RAMALLAH: Palestinian president Mahmud Abbas on Friday announced dates for the first Palestinian elections in more than 15 years, setting legislative polls for May 22 and a July 31 presidential vote.
Abbas’s Fatah party, which controls the Palestinian Authority based in the occupied West Bank, and the Hamas group, who hold power in Gaza, have for years expressed interest in taking Palestinians back to the polls.
A long-standing rivalry between the two main Palestinian factions was seen as a leading factor in stalling progress toward a new vote.

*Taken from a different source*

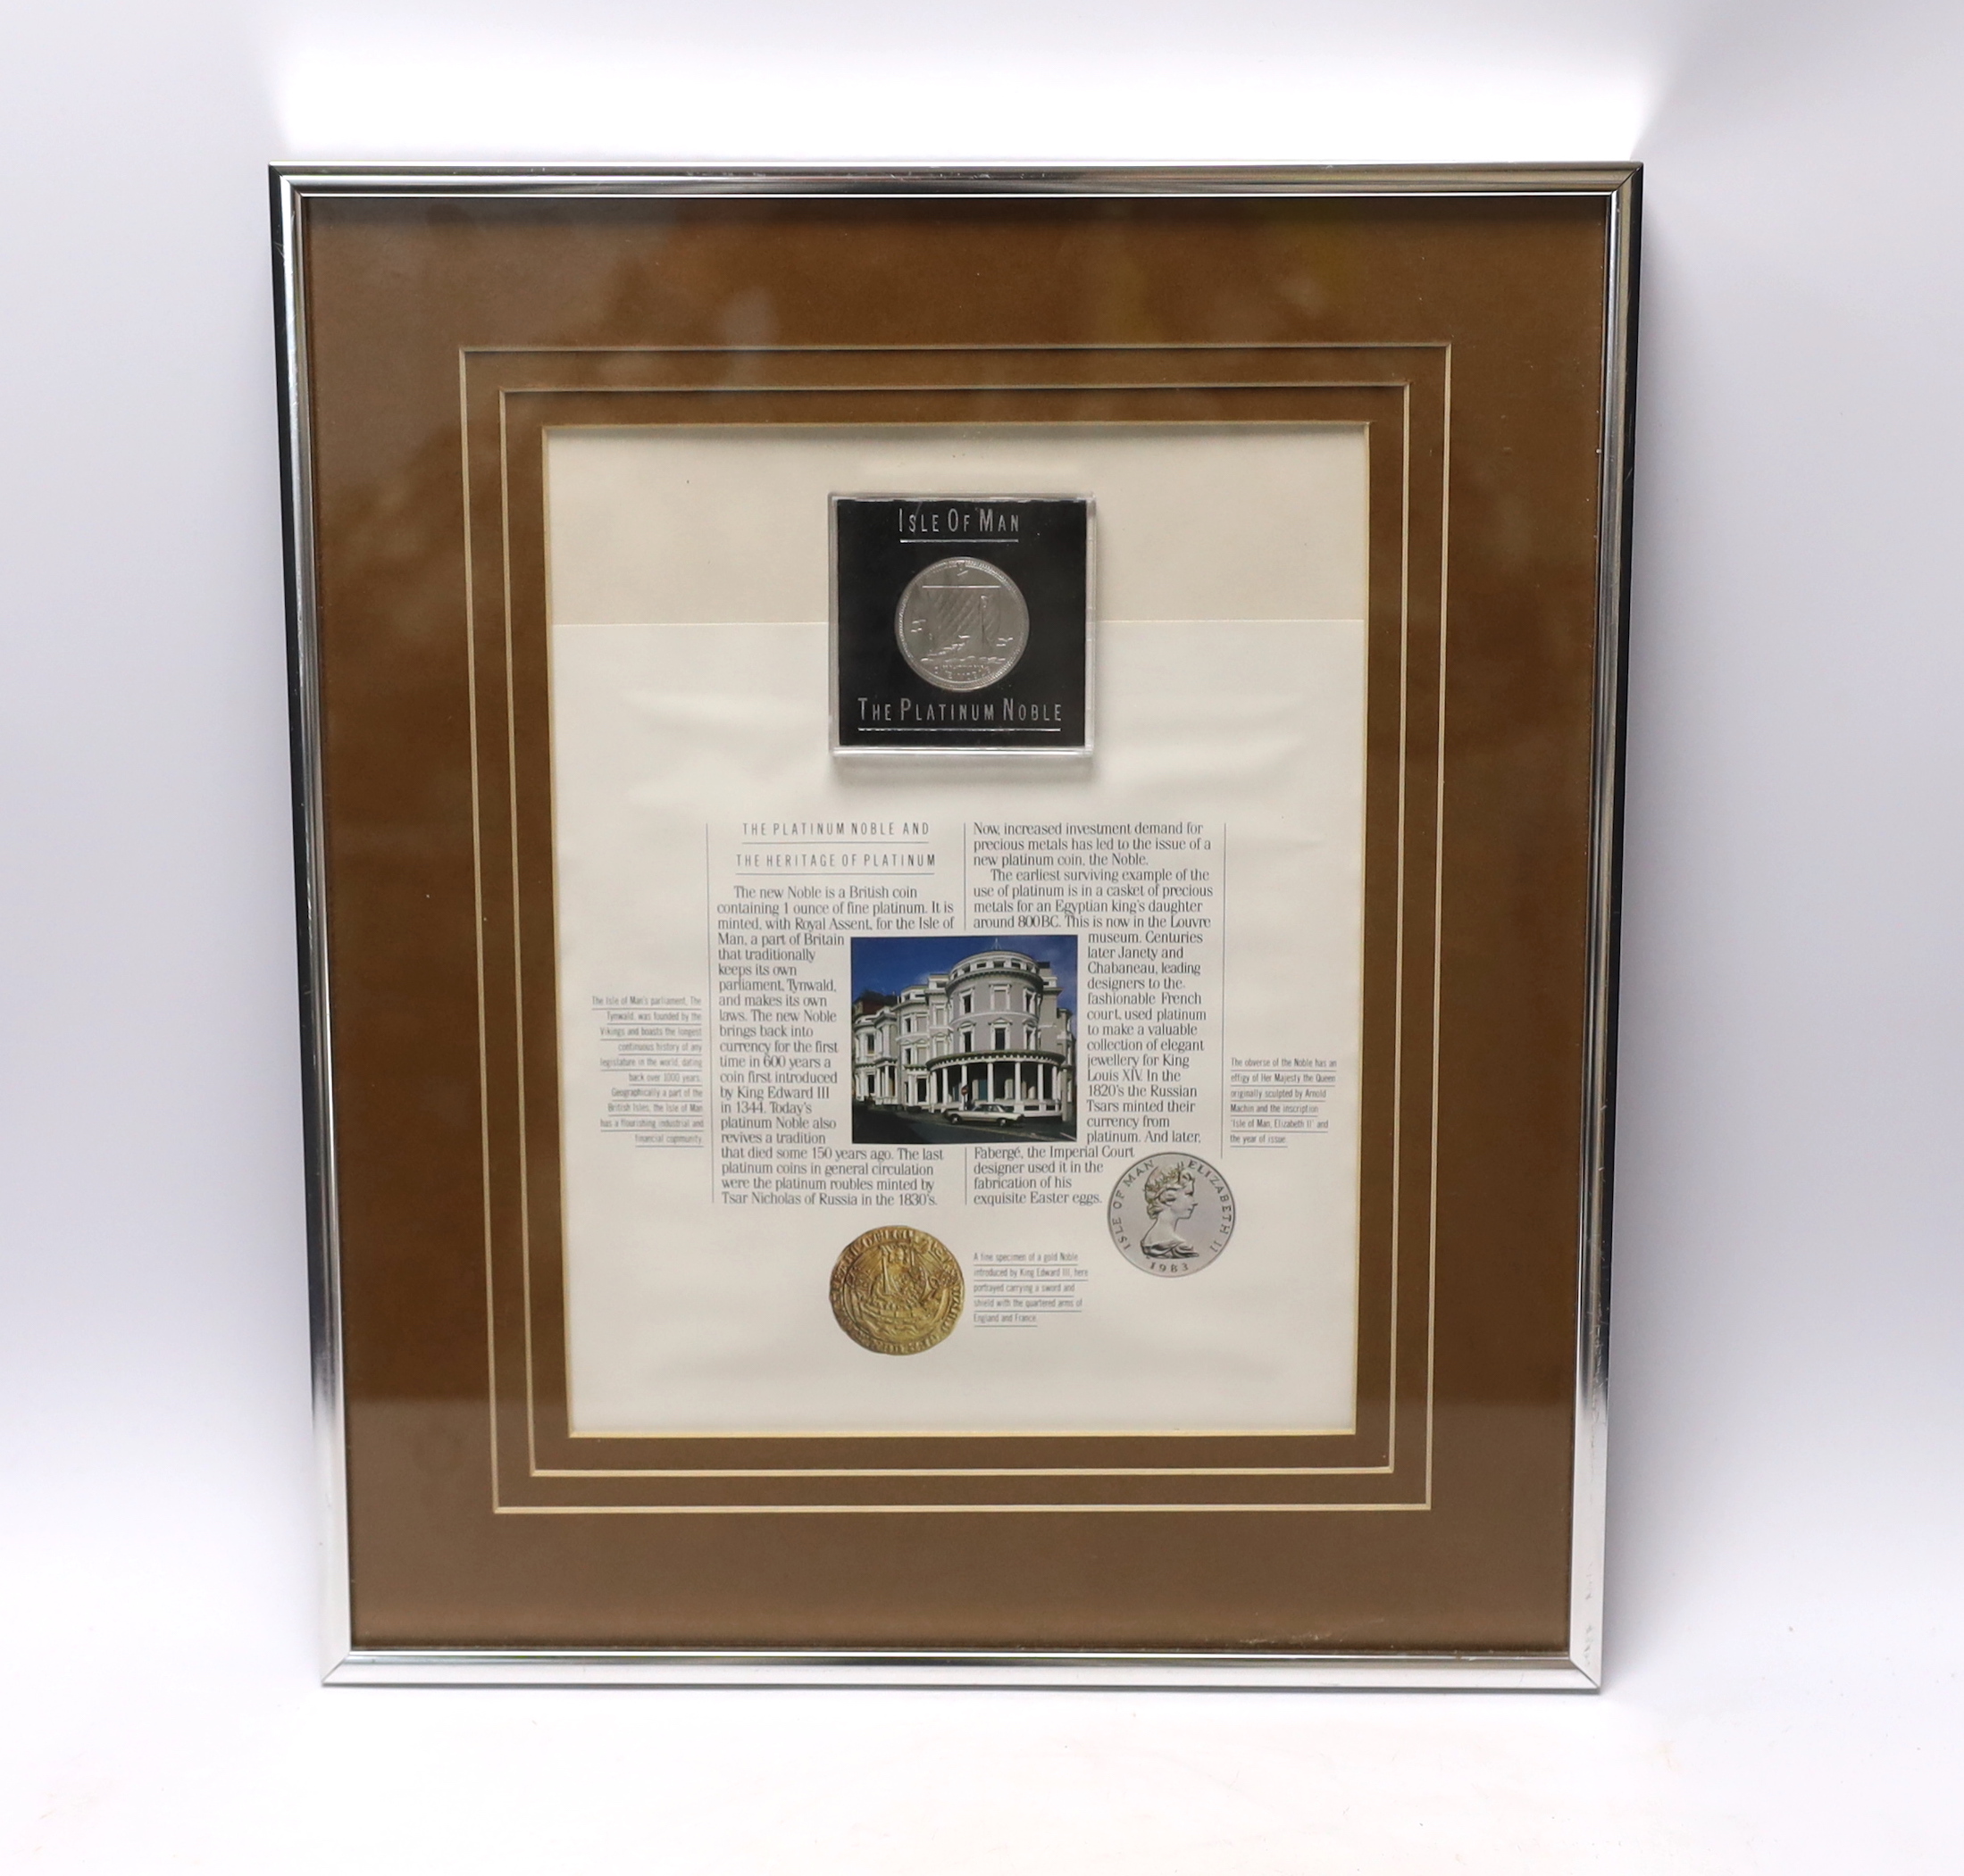 An Isle of Man 1oz. platinum one noble coin, framed display, 19.5cm x 24cm not including mount or frame                                                                                                                     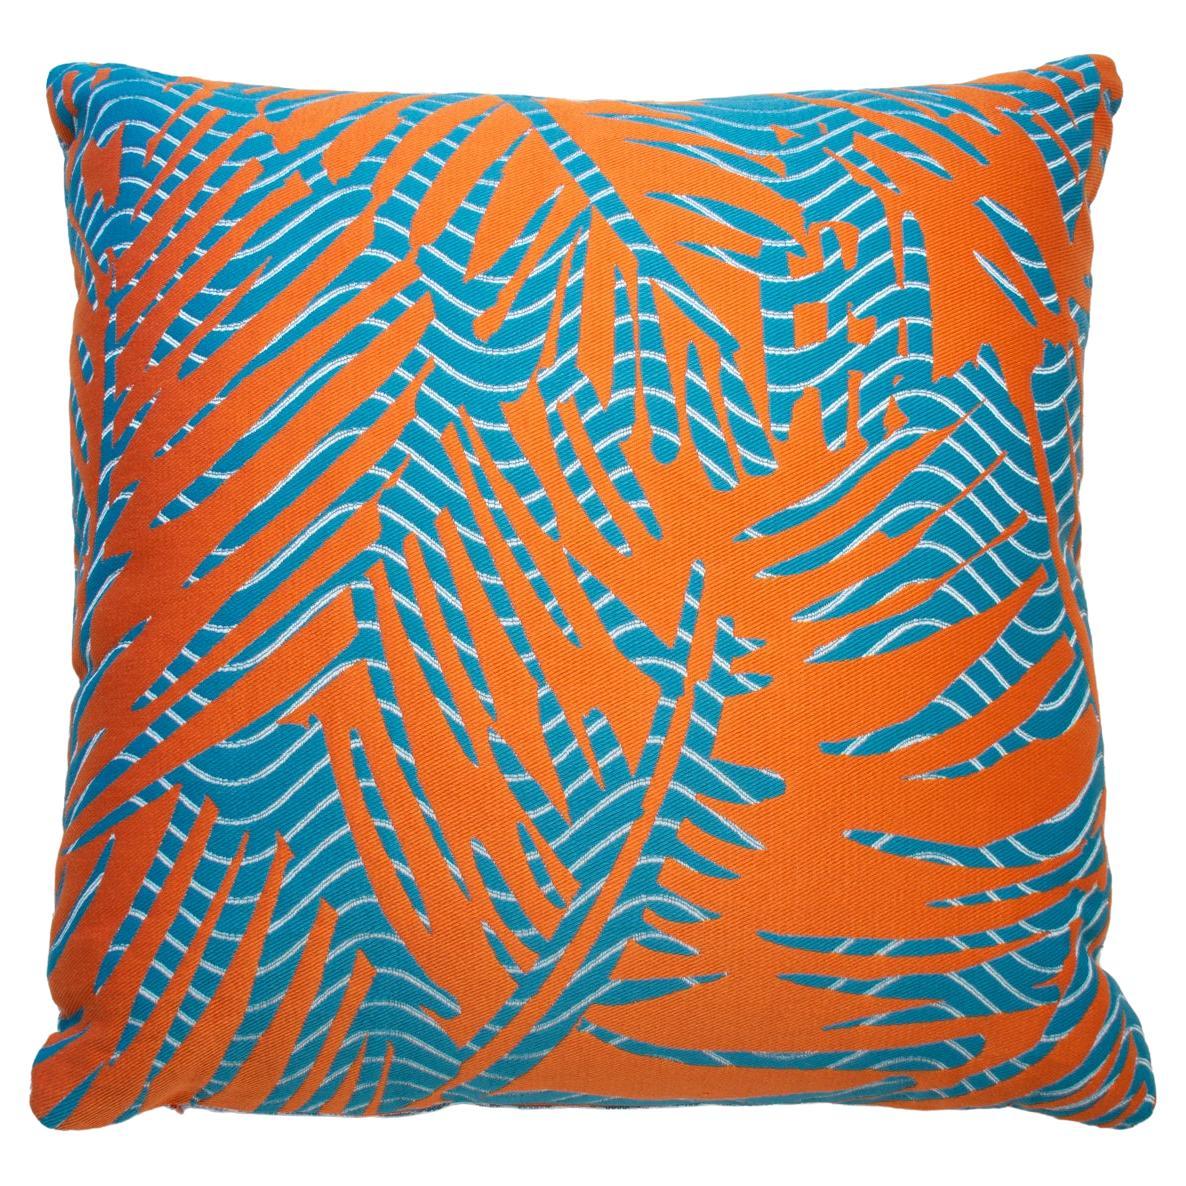 Hermes Pillow Feuillage Vague in Orange, Navy Backing For Sale

But Fatah and Hamas have lately been engaged in unity talks, reaching an agreement in principle in September to hold elections in 2021.
Hamas on Friday welcomed Abbas’s announcement.
“In recent months, we have worked to overcome obstacles in order to reach this day,” it said in a statement.
It added that it looked to “free elections in which voters can express themselves without pressure and without restrictions, in all fairness and transparency.”
A statement on the official Palestinian Wafa news agency said Abbas has signed “a presidential decree concerning elections,” specifying the May and July dates.
“This announcement was eagerly awaited,” Palestinian analyst Arif Jaffal, head of the Arab World Democracy and Electoral Monitor, told AFP.
“It is a very important step,” he said.
The 2005 Palestinian presidential vote saw Abbas elected with 62 percent support to replace the late Yasser Arafat.
There has been no indication from Fatah as to whether the 85-year-old Abbas intends to seek re-election.
A rare poll by the Palestinian Center for Policy and Research carried out last year said Hamas leader Ismail Haniyeh would beat Abbas in a presidential election.

The statement from Abbas said he expects polls will be held “in all governorates of Palestine, including east Jerusalem,” which was annexed by Israel following the 1967 Six-Day War but is considered occupied territory.
Israel bans all Palestinian Authority activity in east Jerusalem, and there was no indication the Jewish state would allow a Palestinian vote within the city.
Israel’s right-wing Prime Minister Benjamin Netanyahu, who faces his own re-election contest in March, describes Jerusalem as Israel’s “undivided capital.”
Palestinian Prime Minister Mohammed Shtayyeh said his government “was ready to get things going to facilitate the electoral process, in total transparency, while waiting for pluralism.”
Some 2.8 million Palestinians live in the West Bank, while the densely populated Gaza Strip is home to two million.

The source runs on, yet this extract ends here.